The clinic is divided into several rooms with doors and windows tightly shut. In stark contrast to the overcrowded halls in China’s hospitals, the corridor of the clinic is empty and patients need to book before getting treatment. Outsiders hardly know what exactly happens inside, as privacy is a top concern.

“In a word, the task of sexologists is to teach people how to make love,” said Tong, a 41-year-old nurse-turned-sexologist, who organized the Sixth World Chinese Sexologists Academic Conference and Sex Therapy Academic Forum from Aug. 29 to 31, 2014.
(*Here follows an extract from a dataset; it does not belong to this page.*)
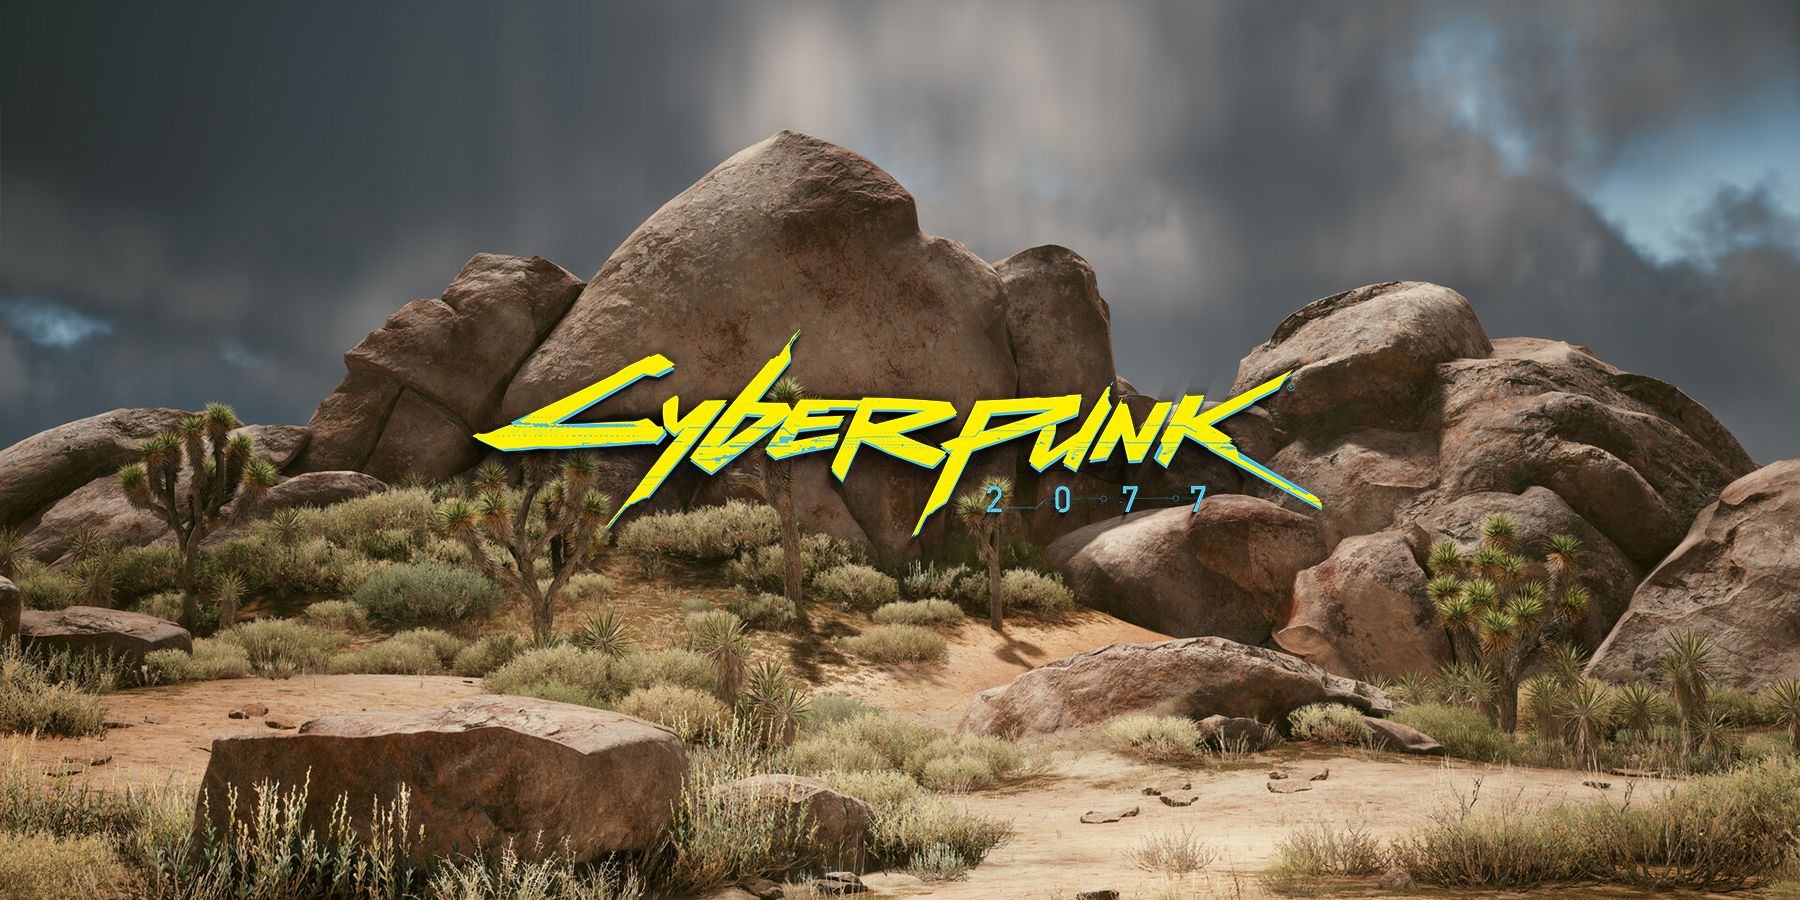 cyberpunk 2077 talking rock bug glitch badlands yells at player

Having worked as a nurse in Chang-Gung Memorial Hospital, Taipei, Taiwan for 12 years, Tong recalled her first sight of a bone fracture patient with his leg hung high in the air kissing his wife passionately. Showing no signs of disgust or scorn towards the couple who would have otherwise stifled their emotion until the man returned home, Tong was inspired by the intimate scene and began to think about the role of sex in life.

Tong was later enrolled in Shu-Te University in Taiwan, where she chose Human Sex Studies, the only sexology major in the province. She also received certificates granted by the American College of Sexologists and Tantra Studio in Germany, which led her to prominence as a sex therapist in Taiwan. When her clinical experience matured, Tong expanded her business from Taiwan to Hangzhou and Wuhan, Hubei Province, on the mainland.
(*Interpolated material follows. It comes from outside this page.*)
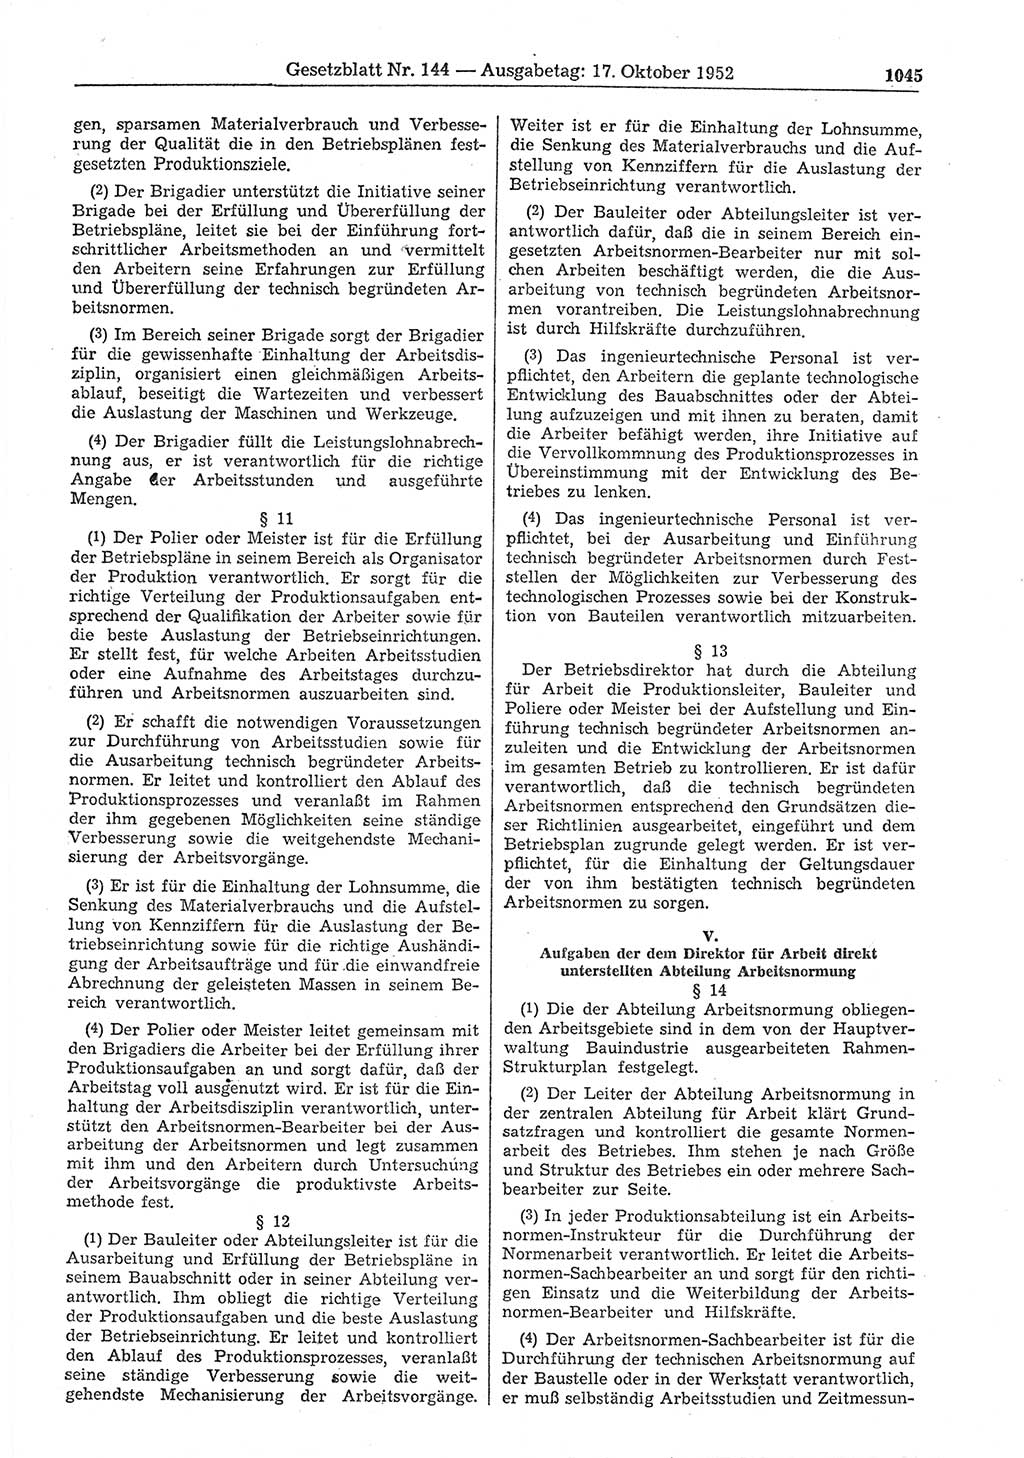 Gesetzblatt (GBl.) der Deutschen Demokratischen Republik (DDR) 1952, Seite 1045 (GBl. DDR 1952, S. 1045)

Despite the low-key style of Chinese sexologists and their concern for privacy, Tong revealed some aspects of her treatment. “Sometimes, we will touch the patients, but with gloves, and tell them to concentrate.”

“The patients are sometimes required to wear blindfolds and imagine they are making love in their own mind rather than being guided by us,” she explained.

According to China News Weekly, a man from Chongqing, who spoke on condition of anonymity, said he received treatment from Tong and found it was merely masturbation with the help of clinical staff.

So when does treatment cross moral lines? Senior Chinese sexologist Ma Xiaonian explained that the patient had suffered from erectile dysfunction for two years and if the treatment can help cure him cure, then it would be an improvement.

Ma started working in sexology 18 years ago when he was 51 years old. He resigned from the National Family Planning Commission and set up a sexology clinic in Yuquan Hospital. However, in 2003, Yuyuan Hospital merged with Tsinghua University as an affiliated hospital and the sexology department became peripheral. Viagra prescription used to be the major treatment that Ma gave to his patients, because of the 20,000 patients that Ma diagnosed before his retirement in 2005, 83 percent were men with erection problems.

According to Ma, doctors need to help patients overcome their agitation when they are making love, to guarantee a successful erection.

Ma’s theory is refuted by Pan Suiming, former director of the Sociology of Sex Research Institute at Renmin University. He believes the impotence and premature ejaculation were regarded as illnesses, and the quacks touted treatment and prescriptions just to make money.

They are actually technical problems and need psychological adjustment for the man and the woman, not only medicine for the man, Pan said.

Sex problems can be categorized into six grades: moral suppression, ignorance, timely agitation, unharmonious couples, psychological conflict and family issues, according to Wu Minlun, a sexologist at Queen Mary Hospital. Based on his clinical experience, 80 percent of patients suffer from the first three types, which can be solved through psychological guidance and sex education. But patients with the last three types of problems are very difficult to cure, and require a lot of assistance from sexologists.

For traditional and religious reasons, sexology remains a sensitive topic in China and Chinese society. When Tong’s father heard what her daughter was doing in the mainland, he was angry.

In the future, computerized virtual treatment, in which patients can experience sensual pleasure with the help of digital glasses and a helmet, may replace massage by people to reduce the controversy of sex therapy, Ma said.

Nowadays, a big hassle for the sexologists is how to get some patients to avoid falling in love with them, said Wu.